The terrain leveled out and Jennie turned to smile at Terence. Just then, he let go of the wagon, gave her a wild-eyed wave and dashed off through a vacant lot. She swiveled her head around and saw the boys from the elm tree carousing down the hill. They cut through one of the back yards in the same direction he’d run. She wondered where Terence lived.
Heaving against the load to get it moving again, Jennie continued towards the store. As she neared, she saw Mr. Johnson folding boxes by the back door. Wouldn’t you know it, he was talking to one of those boys. The kid saw her and ducked behind the dumpster. Nonetheless, she walked right up to Mr. Johnson, to turn in the bottles for change.
He eyed her heavy load and raised his eyebrows at her, putting one of his thumbs up like she had done something amazing. He counted out the bottles and added up the amount she should get back.
“Mr. Johnson, could you please put it in two?”
“Divide it? Why would you want me to do that?” He asked, looking her up and down like he was trying to figure out where she was hiding a secret.
“Because I want to share it with… with… someone.”
He let out a slow low whistle. Then he said, “I heard that Negro boy tried to grab your wagon and steal your bottles.”
“Did NOT!” She blurted it out and she felt her fury rise up again. Those bullies!
She and Mr. Johnson stared at each other. She felt her face reddening and her stomach felt hot. She knew she was supposed to look away and submit to an adult, that was the rule. But NO! Her little body vibrated as she stood her ground, glaring at the grown man.
Mr. Johnson put his hand in his pocket and jangled some change. Jennie pictured the painted turtles she planned to buy so she could set them free. She watched as Mr. Johnson took two muslin bags from the wooden stand by the door. He slowly counted out the change, and showed her a Buffalo nickel before he dropped it in the bag. Then he held the small sacks out in his fists like they were bank bags holding a fortune.
“I’d be careful if I were you.” He opened his fists and let go of the bags. She dropped her eyes to catch them in her palms. Fishing them into her pocket, she felt the broken bottle neck and she jerked her hand back out.
Jennie blinked her eyes up at Mr.
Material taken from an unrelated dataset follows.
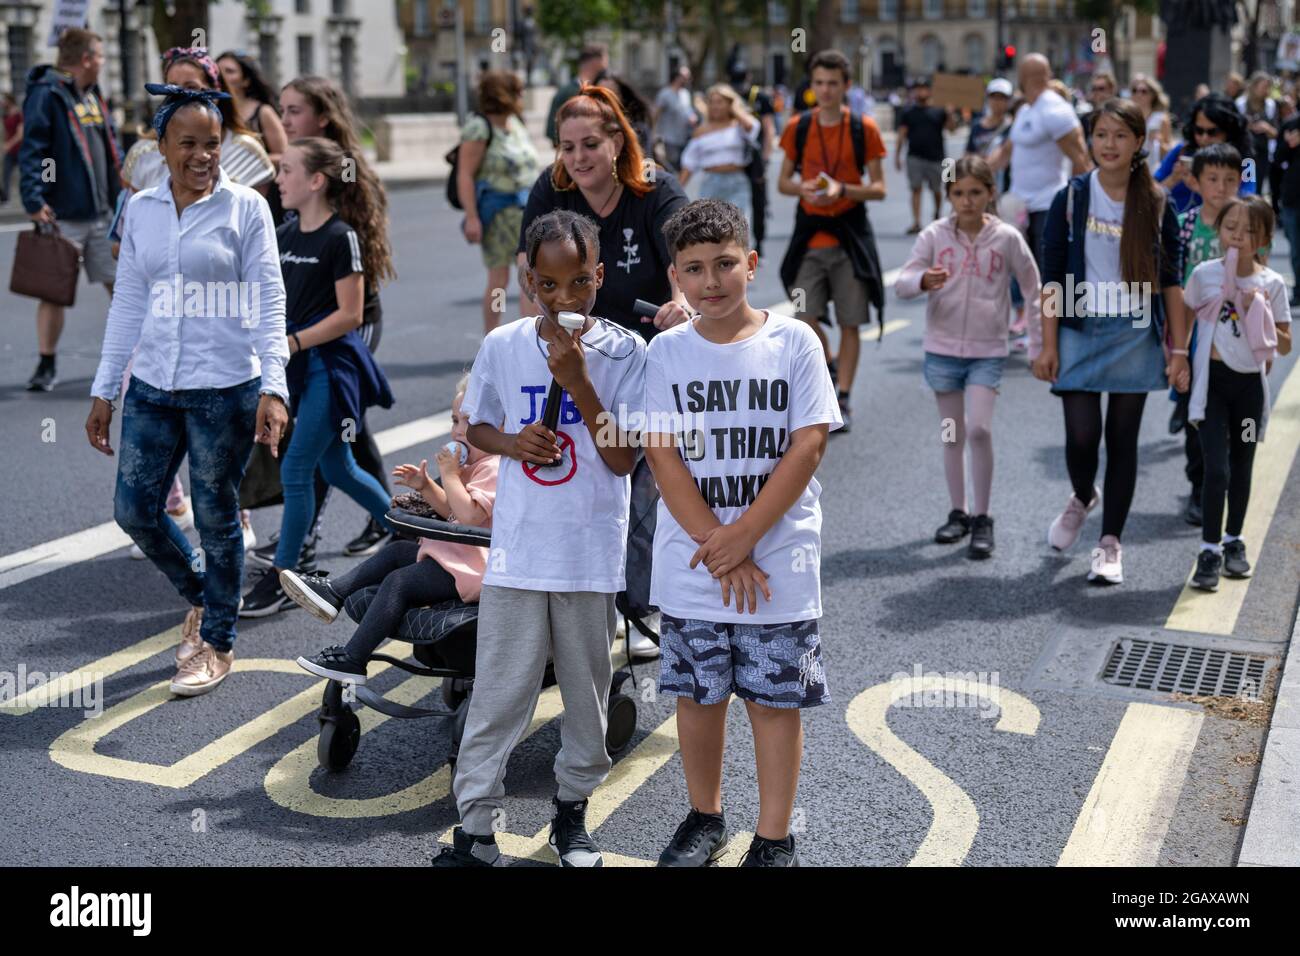 Londres, Royaume-Uni - juillet 31 2021: La marche anti-vaccin pour enfants du London Eye à Trafalgar Square Credit: Thomas Eddy/Alay Live News Banque D'Images

Johnson, wondering which thing she was supposed to be careful of. There were so many! She took a deep breath, grabbed the handle of her emptied wagon and started for home. Out of the corner of her eye she saw the boys run from behind the dumpster into the trees, paralleling her route. She hoped she’d find Terence so she could give him the money. Maybe they’d go get turtles and set them free.